> **The problem**: Leaving the pictures aside, transcribe every line below exactly.

> **Recorded data**:
+ + +
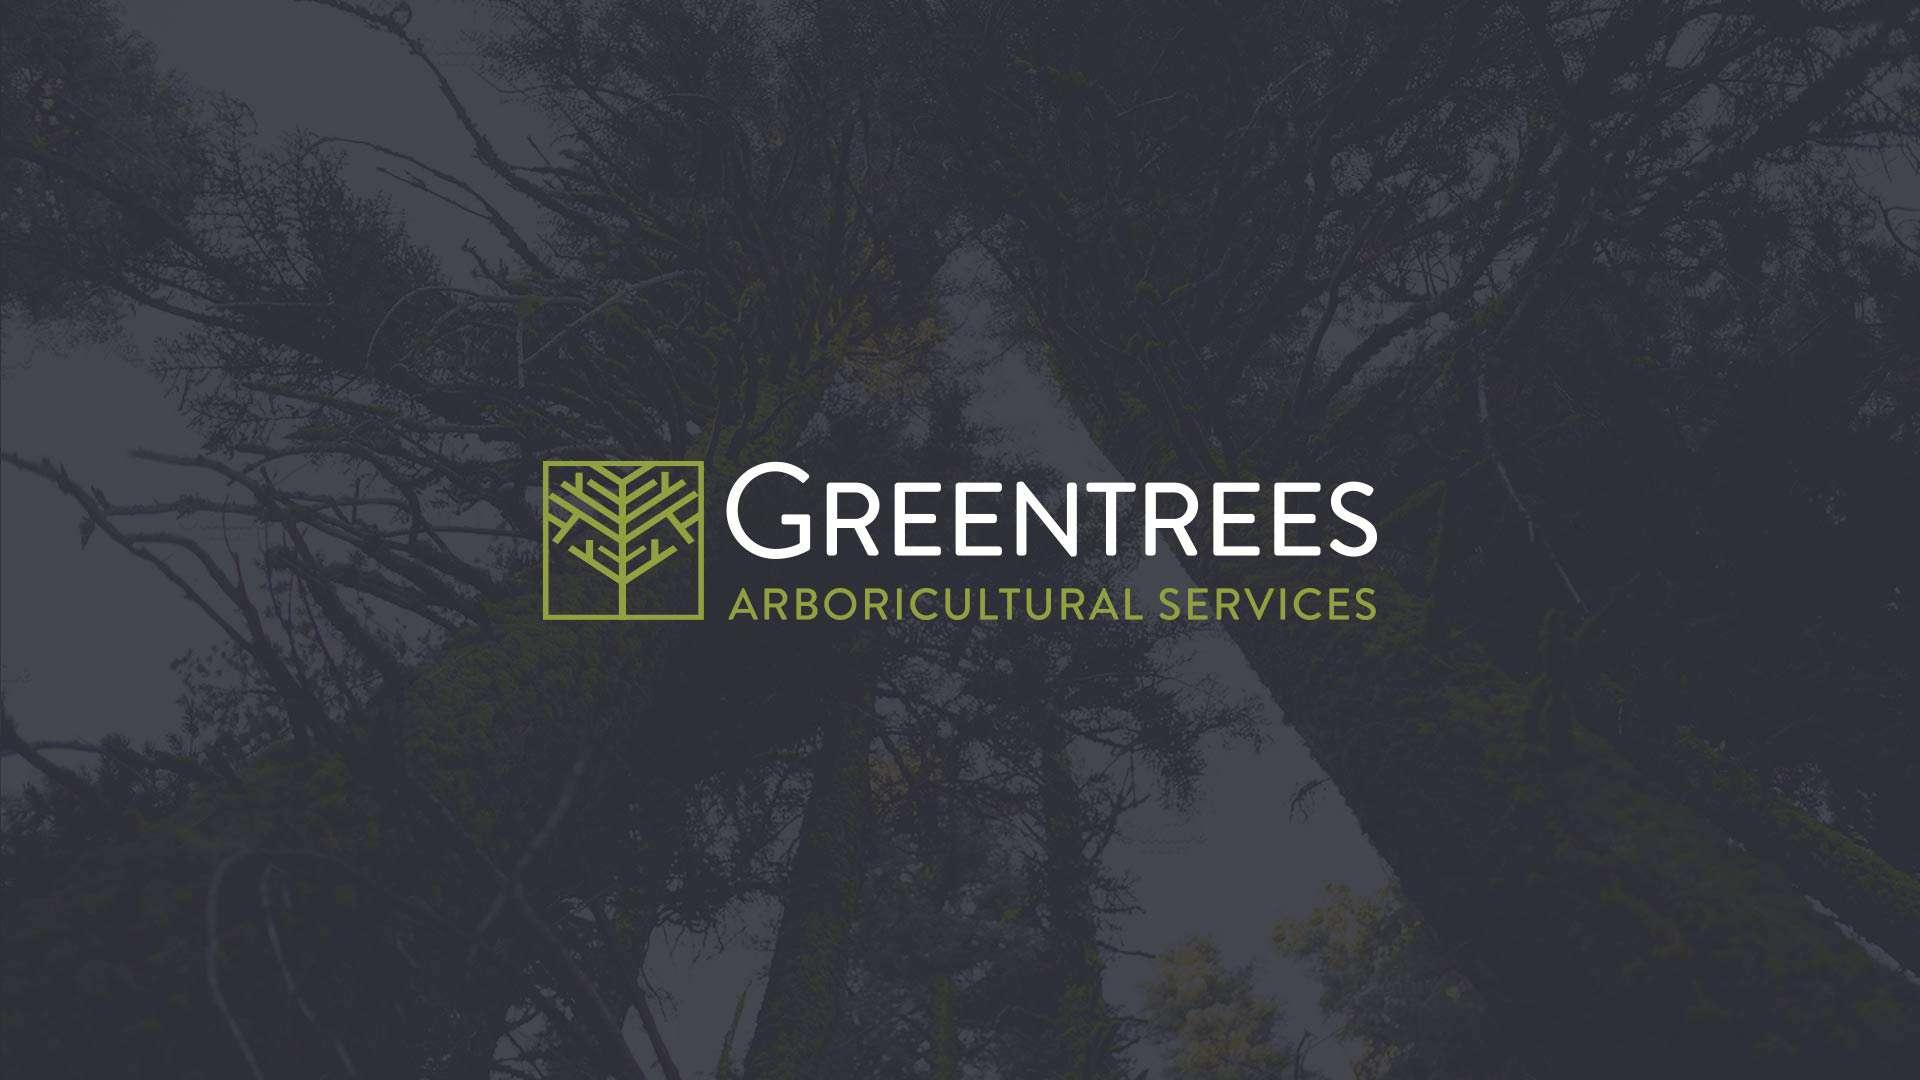 greentrees-logo2
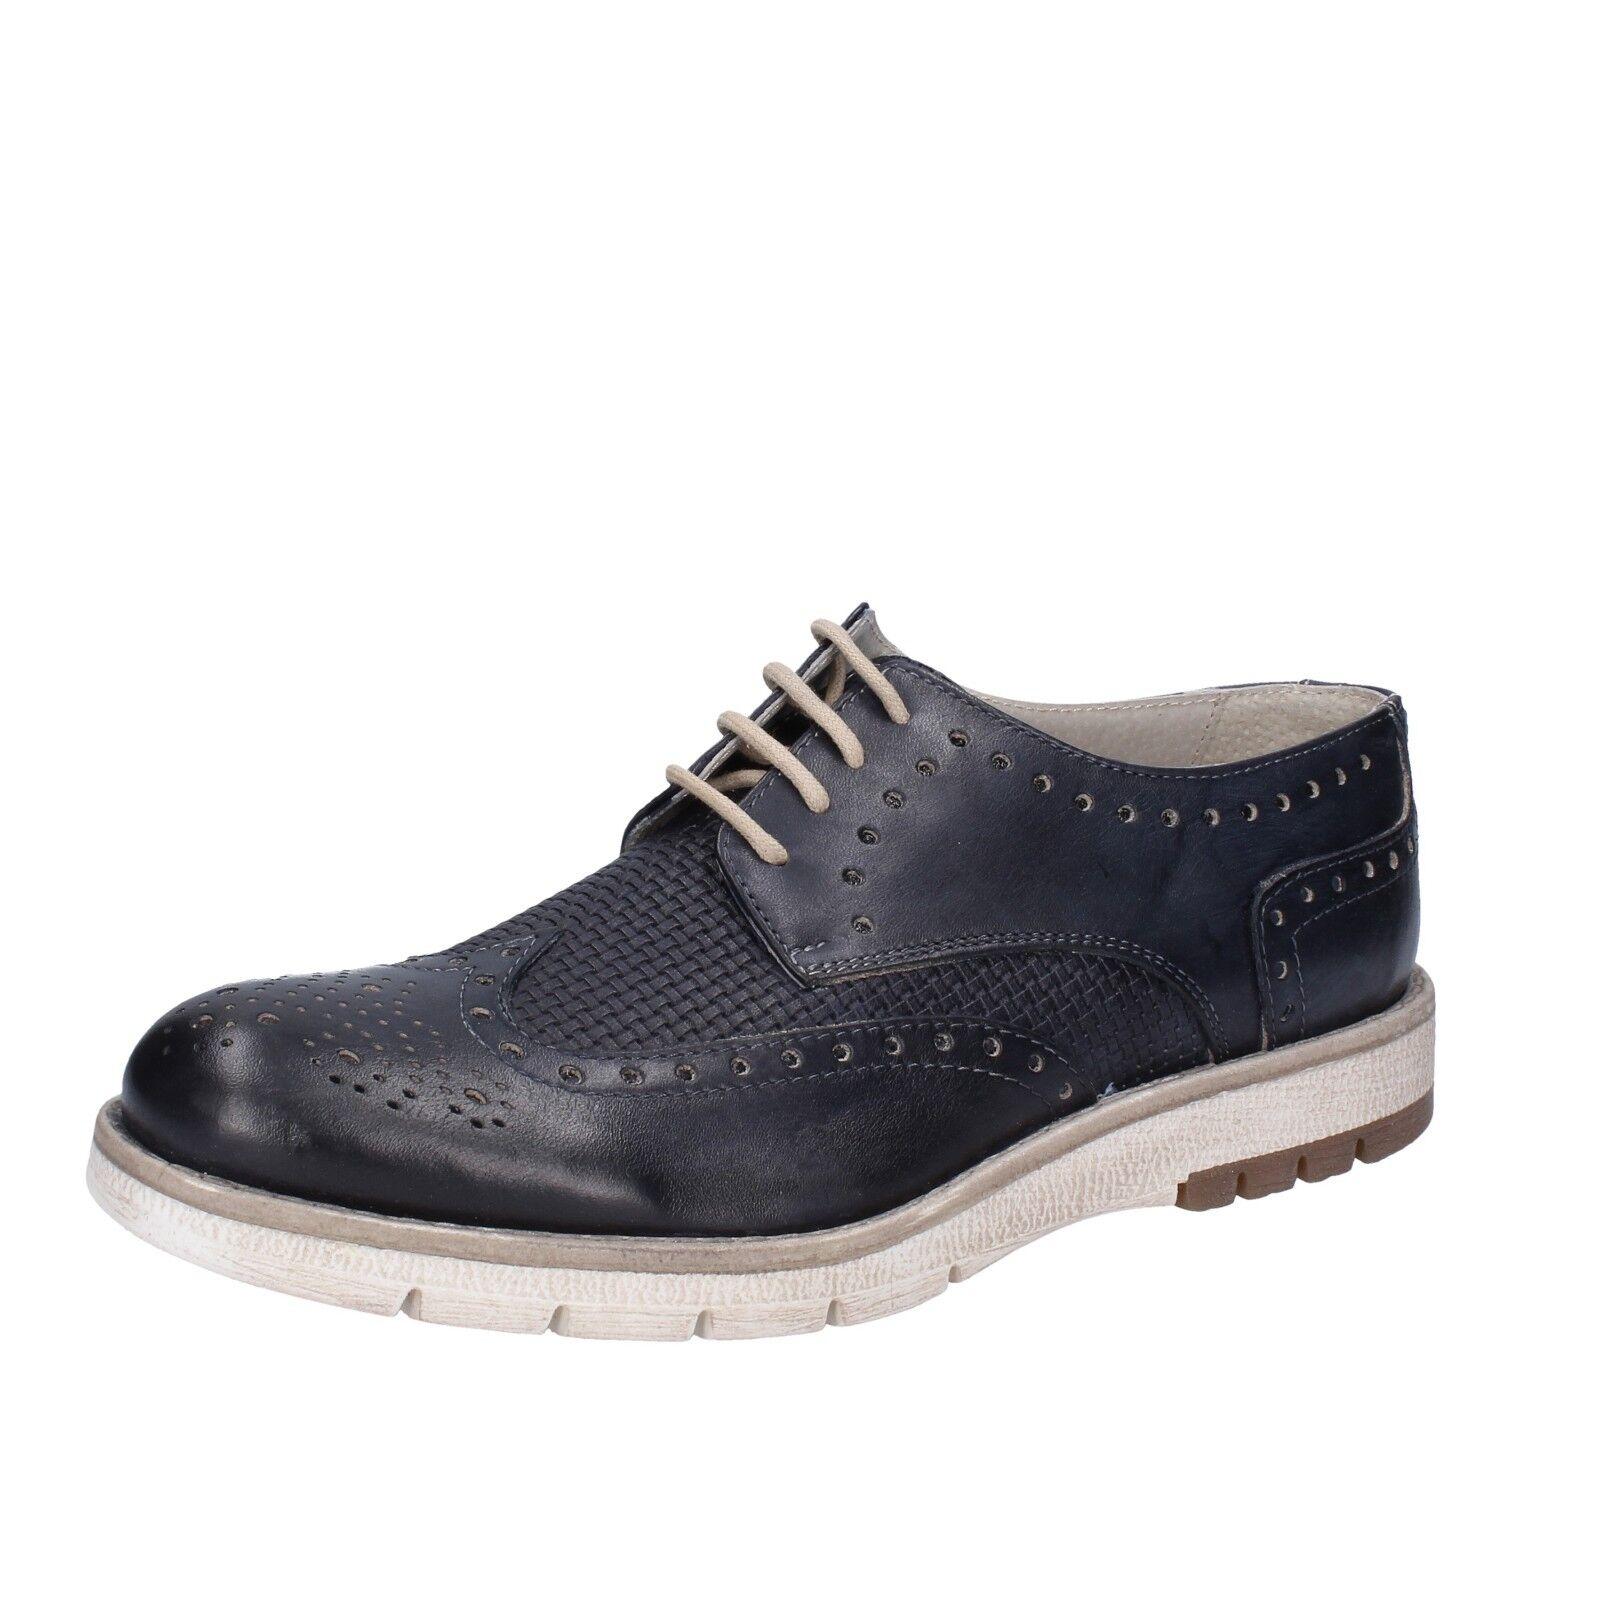 Mens schuhe OSSIANI 6 (EU 40) 40) 40) elegant Blau leather BT868-40 d2897b
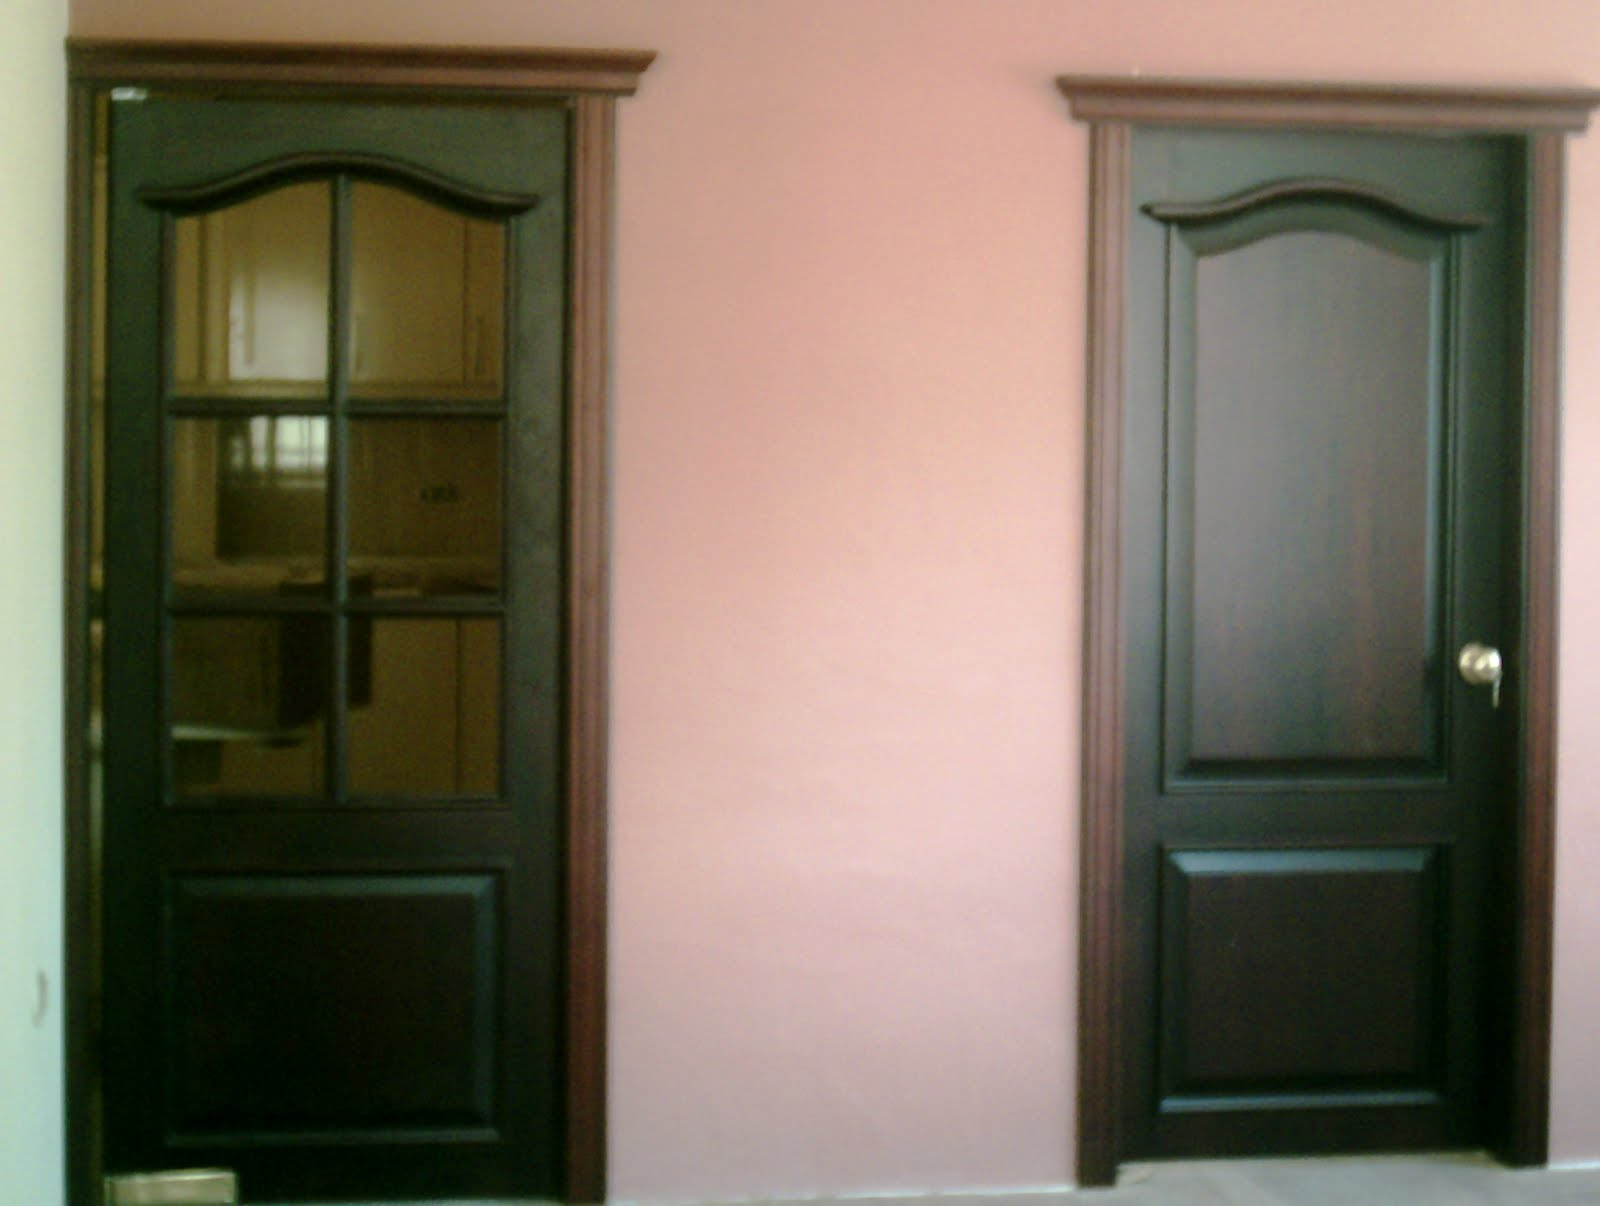 Ideatumobiliario puertas interiores y exteriores para su for Precio de puertas para interiores
+ + +
> **Reply**:
 greentrees-logo2
 Mens schuhe OSSIANI 6 (EU 40) 40) 40) elegant Blau leather BT868-40 d2897b
 Ideatumobiliario puertas interiores y exteriores para su for Precio de puertas para interiores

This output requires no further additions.